Я встретил ее у моего приятеля. Она сдавала ему комнату. Ну, а я пришел
к приятелю в гости. Пили чай, разговаривали. В разговоре я ненароком
упомянул что-то, относящееся к этому. Может быть, были произнесены и
непосредственно сами магические слова, само название дела. Так или иначе, но
Мария Федоровна вдруг вышла за перегородку и вернулась, держа в руках
круглую банку из-под кетовой икры. В банке помещалась рыбка средней
величины, вырезанная из пробкового материала, а в нее со всех сторон
воткнуты всевозможнейшие, разнообразнейшие мормышки.
-- Мария Федоровна, неужели, возможно ли?

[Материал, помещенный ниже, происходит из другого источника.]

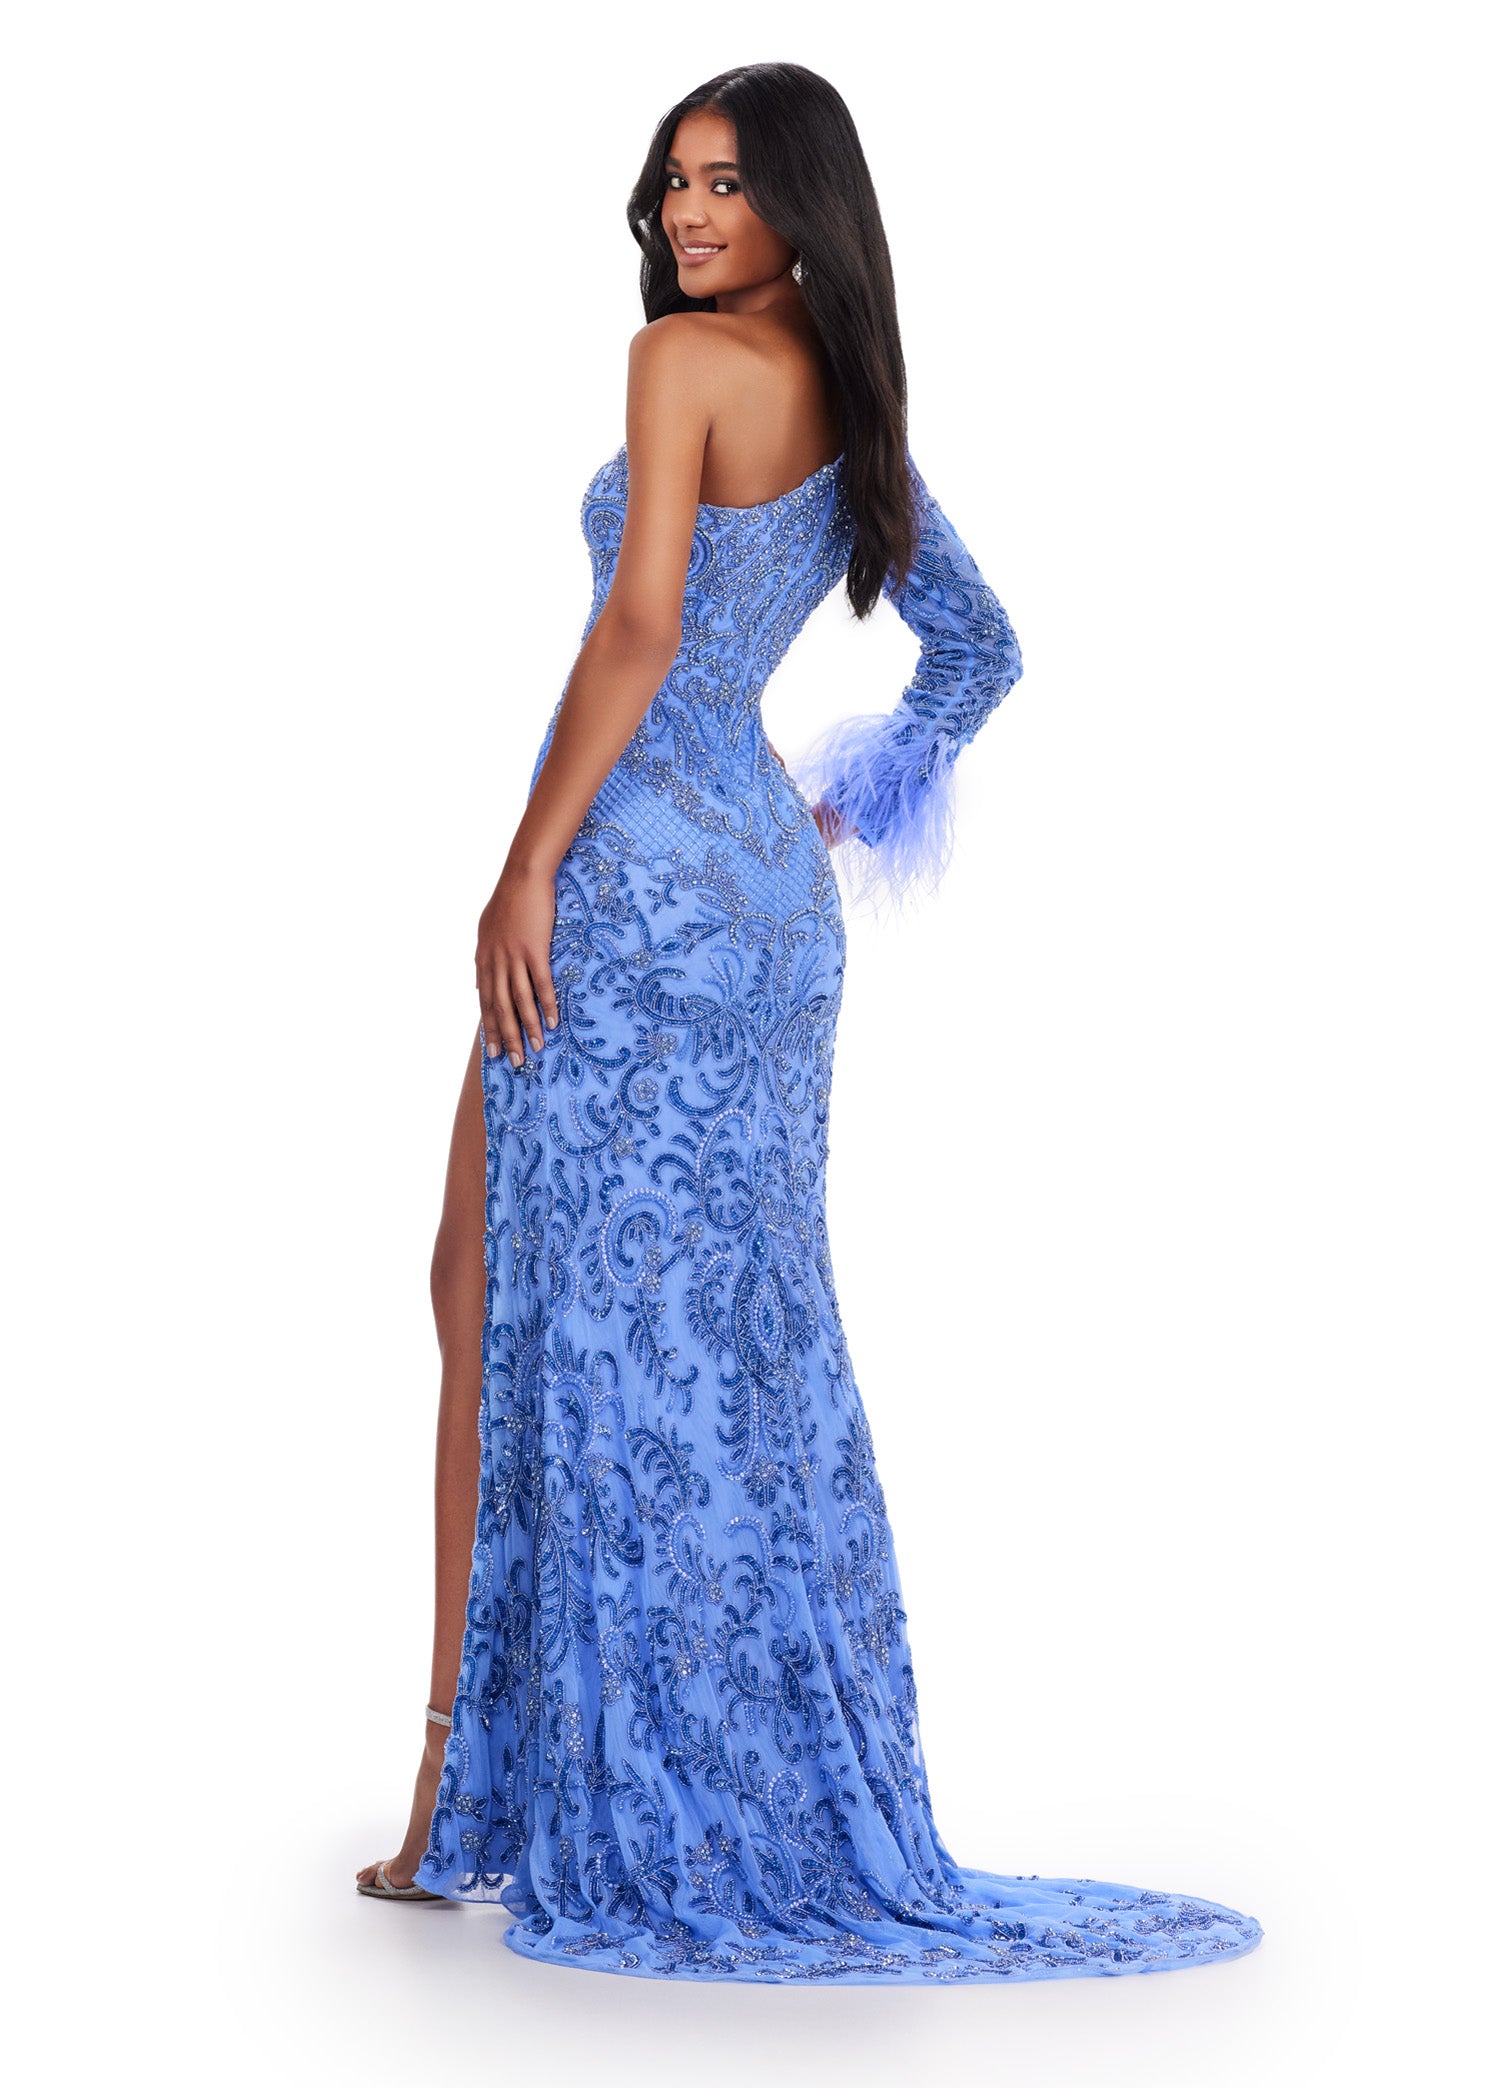 The Ashley Lauren 11649 Long Prom Dress is an elegant and unique choice for any formal occasion. The one shoulder design is complemented by a striking one sleeve cut out and intricate beaded detailing. The feather cuff adds a touch of glamour to this stunning pageant gown. Make an entrance in this fully beaded gown. This intricately beaded one shoulder gown is accented by side cut out and feather cuff sleeve. The look is complete with a sweep train and left leg slit.
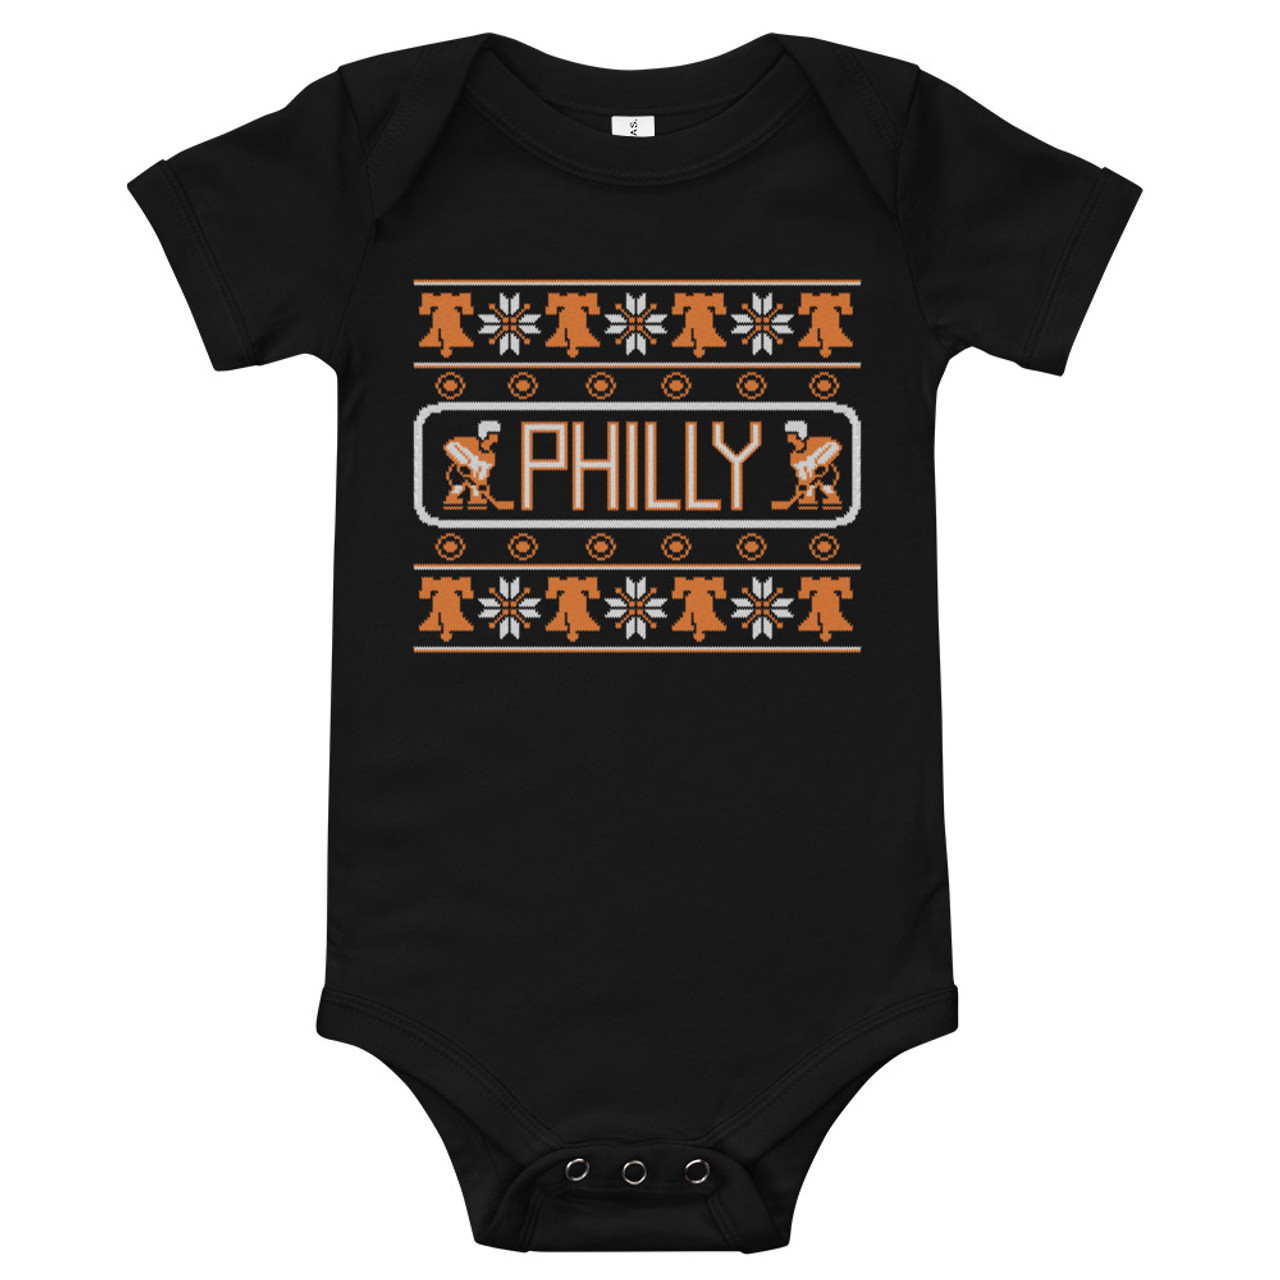 My Daddy and I are Detroit fans baby bodysuit hockey infant one piece

-- Нет, ты погляди, что за "клопик"! "Клопик" действительно был
превосходен. Он был изящен, поворотлив и для своего размера очень-очень
тяжел. А ведь для мормышки и нужно, чтобы как можно меньше размером и как
можно тяжелее.
-- А что за "овсинка"! -- продолжала между тем хозяйка необыкновенной
коллекции. -- Не успеешь опустить, как бросаются плотва и густера. Это ведь
нарочно для плотвы "овсинка", -- и она, любовно держа на ладони,
рассматривала мормышку в виде овсяного зернышка.
-- А эта какова?!
Крохотная капелька, красненькая с одной стороны, светленькая -- с
другой, так и играла на свету, так и переливалась. Так и представлялось, как
она тонет, уходя в зеленоватую толщу воды и унося с собой ярко-рубинового
лакомого мотыля. А там, возле дна, ждет ее красноперый горбатый окунь.
-- Мария Федоровна, но если вы не ругаете мужа за это увлечение, то вы
удивительная женщина. Все жены ругают за это своих мужей. Да оно и понятно.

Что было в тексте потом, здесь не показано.